2.1.3 Liability Flashcards
Unlimited Liability
Unlimited liability is when business owner personally responsible for debts/liabilities in an unincorporated business like sole trader or partnership. This means owners personal assets are at risk when in need to pay debts.
Limited Liability
Limited liability is when business’s legal identity is separate to the owners. Owner is only liable for initial outlay if business was to fail.
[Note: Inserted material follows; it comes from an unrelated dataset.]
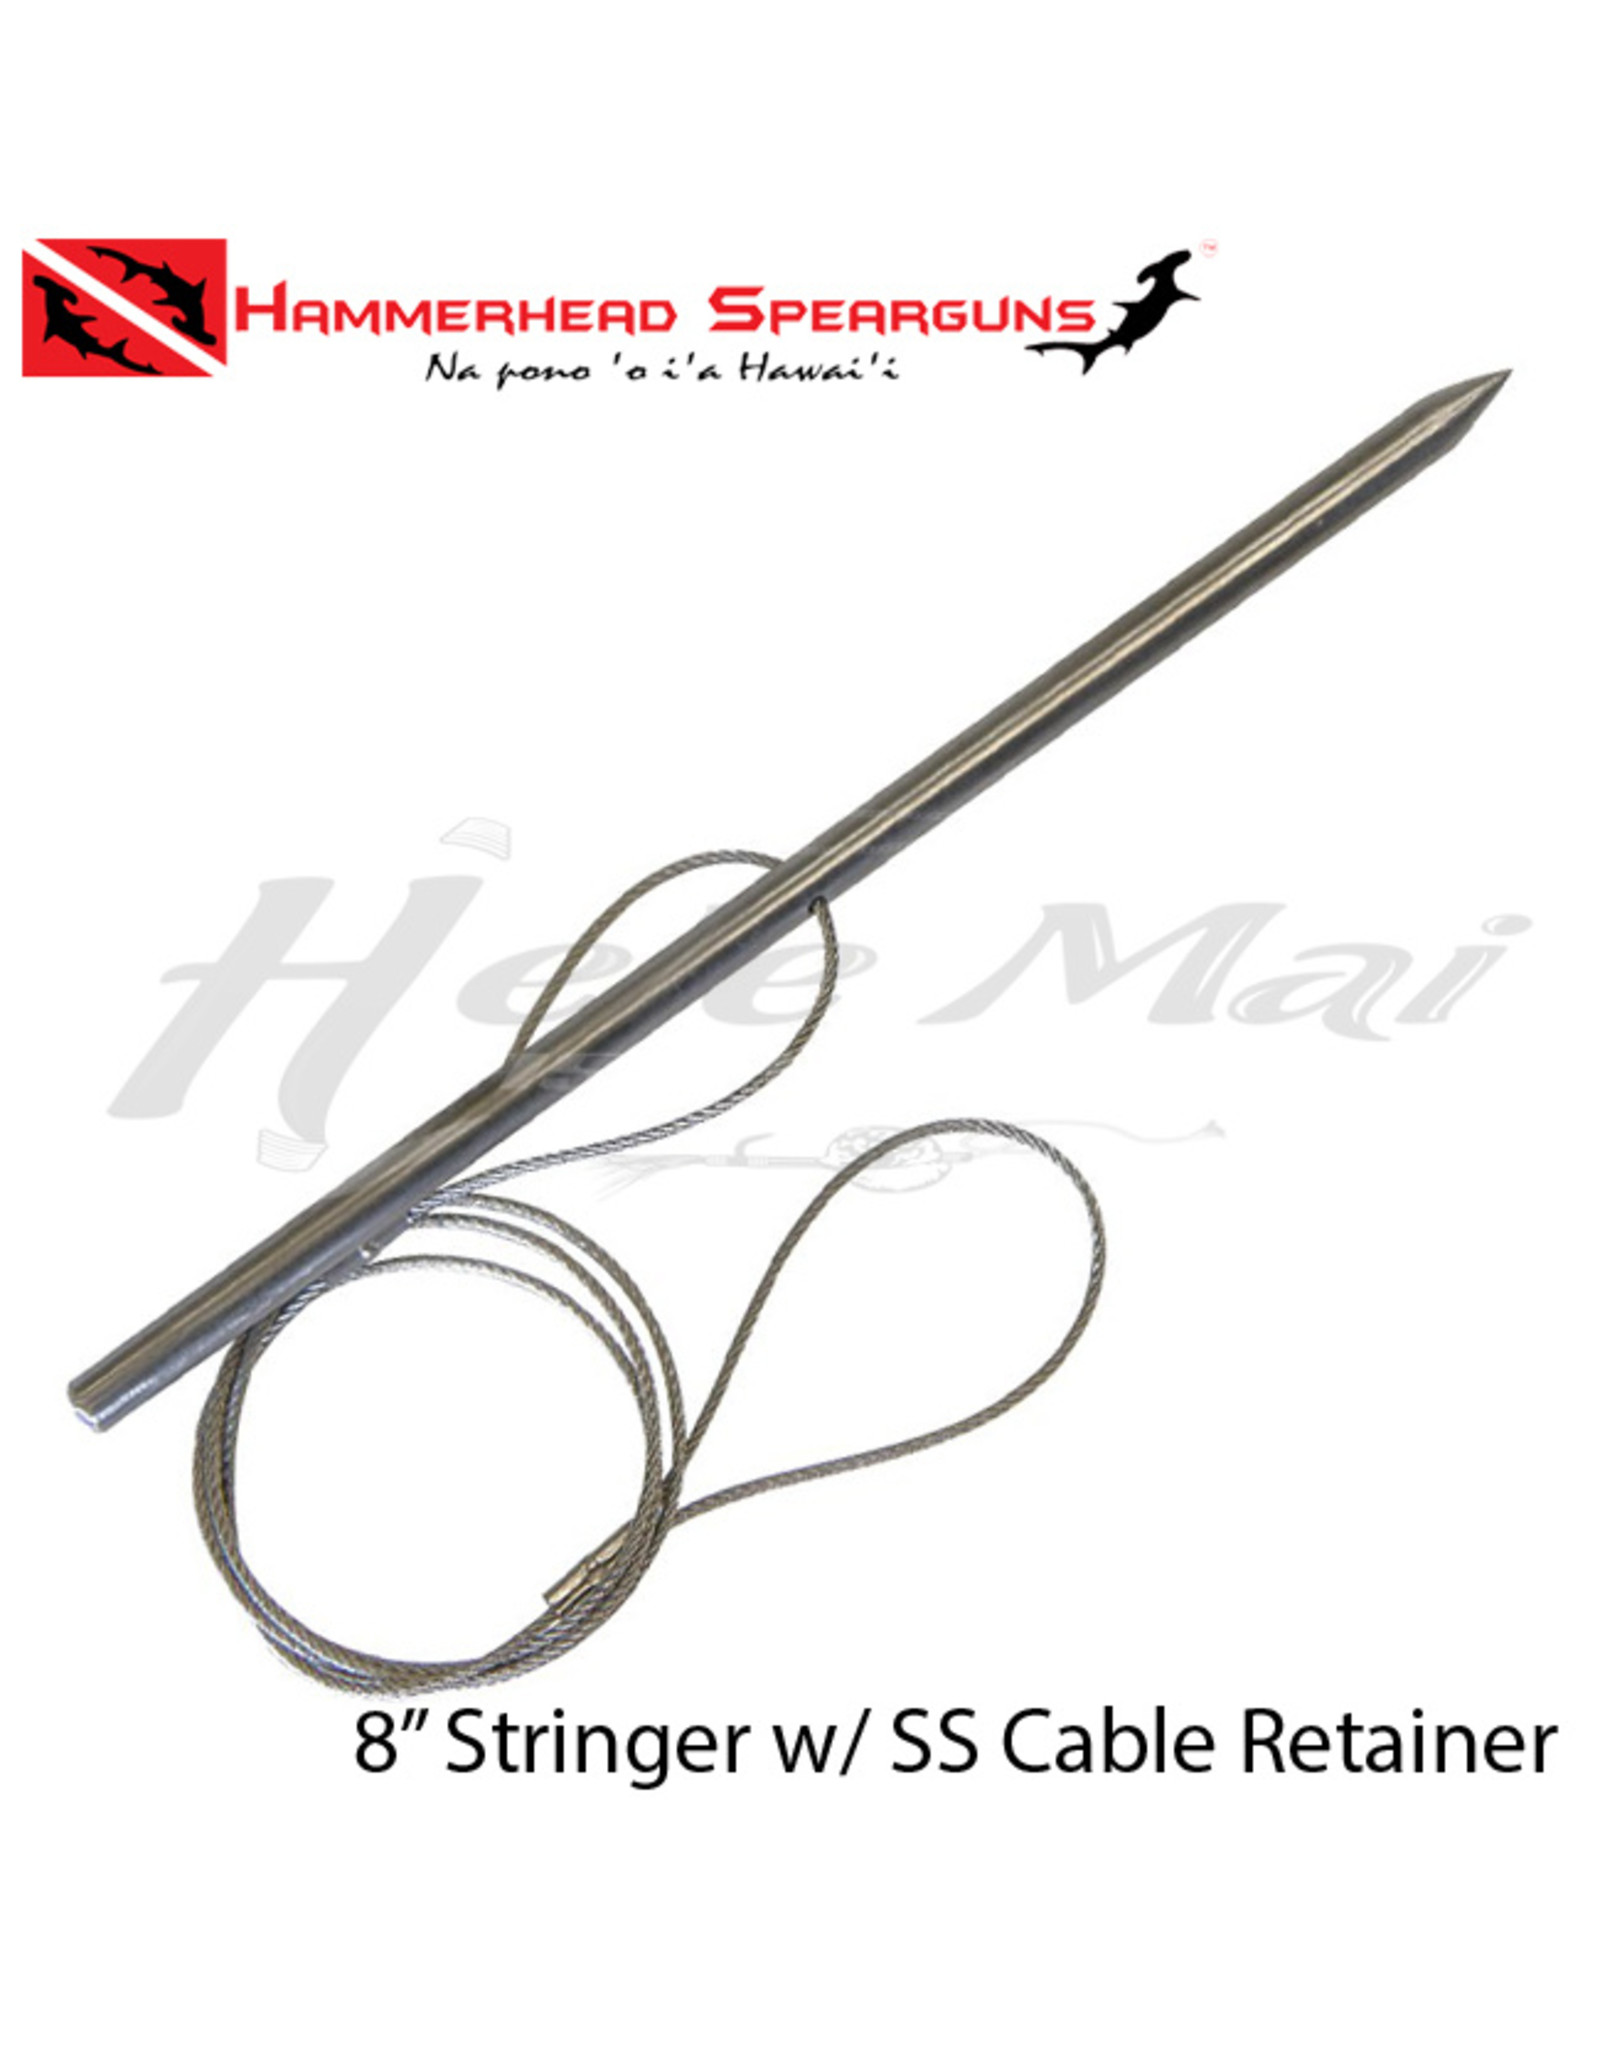 https://cdn.shoplightspeed.com/shops/641744/files/39317843/1600x2048x2/hammerhead-spearguns-hhs-hhs-cable-retainer-string.jpg

Private Limited Companies (LTD) & Public Limited Companies (PLC) have limited liability.
Implications of Unlimited Liability
-owner sells assets away to make profits for debt = owner bankrupt.
-unable to share sells
-owners decisions are clouded by risks- may create sales forecasts to decide whether a decision is worthwile as owner may need more planning due to risks in an unincorporated business.
Implications of Limited liability
-Owner & business separate legal identities – business carry on even if owner dies.
-Business can sue/be sued – business sued e.g. due to unsafe products and can sue others=business liquidated (put to an end)=damage brand recognition.
-business can sell shares – LTD’s sell shares to family/friends whereas PLC’s sell shares on the stock exchange =
-Personal assets are not at risk – If the business fails then the owner will only lose any money that they have invested in the business.
The business is registered with companies’ house – The business needs to register with the companies’ house before it can become a LTD or PLC.
Finance Appropriate for Unlimited Liability
-leasing – small businesses lease equipment if cannot afford to buy it.
-Bank overdraft/loan used if they suffer a poor trading period however high interest rates.
-owner’s capital -sole trader/partnerships use owner’s capital to reduce debt- use cross-subsidation?
Finance Appropriate for Limited Liability
-Angel/venture capitalist, easy and quick upfront payment, but dilutes founder control and high interest rates.
-Retained profit – PLC’s and LTD’s receive significant amounts of profit = use it to invest big business projects such as expansion- cross subsidisation?
-Share capital – plcs/ltds sell shares in business due to large amounts of money they can make selling shares on stock market.
-Loans – able to take out loans due to big reputation. able to do this at low interest rate due to the bargaining power that business gain when they grow in size.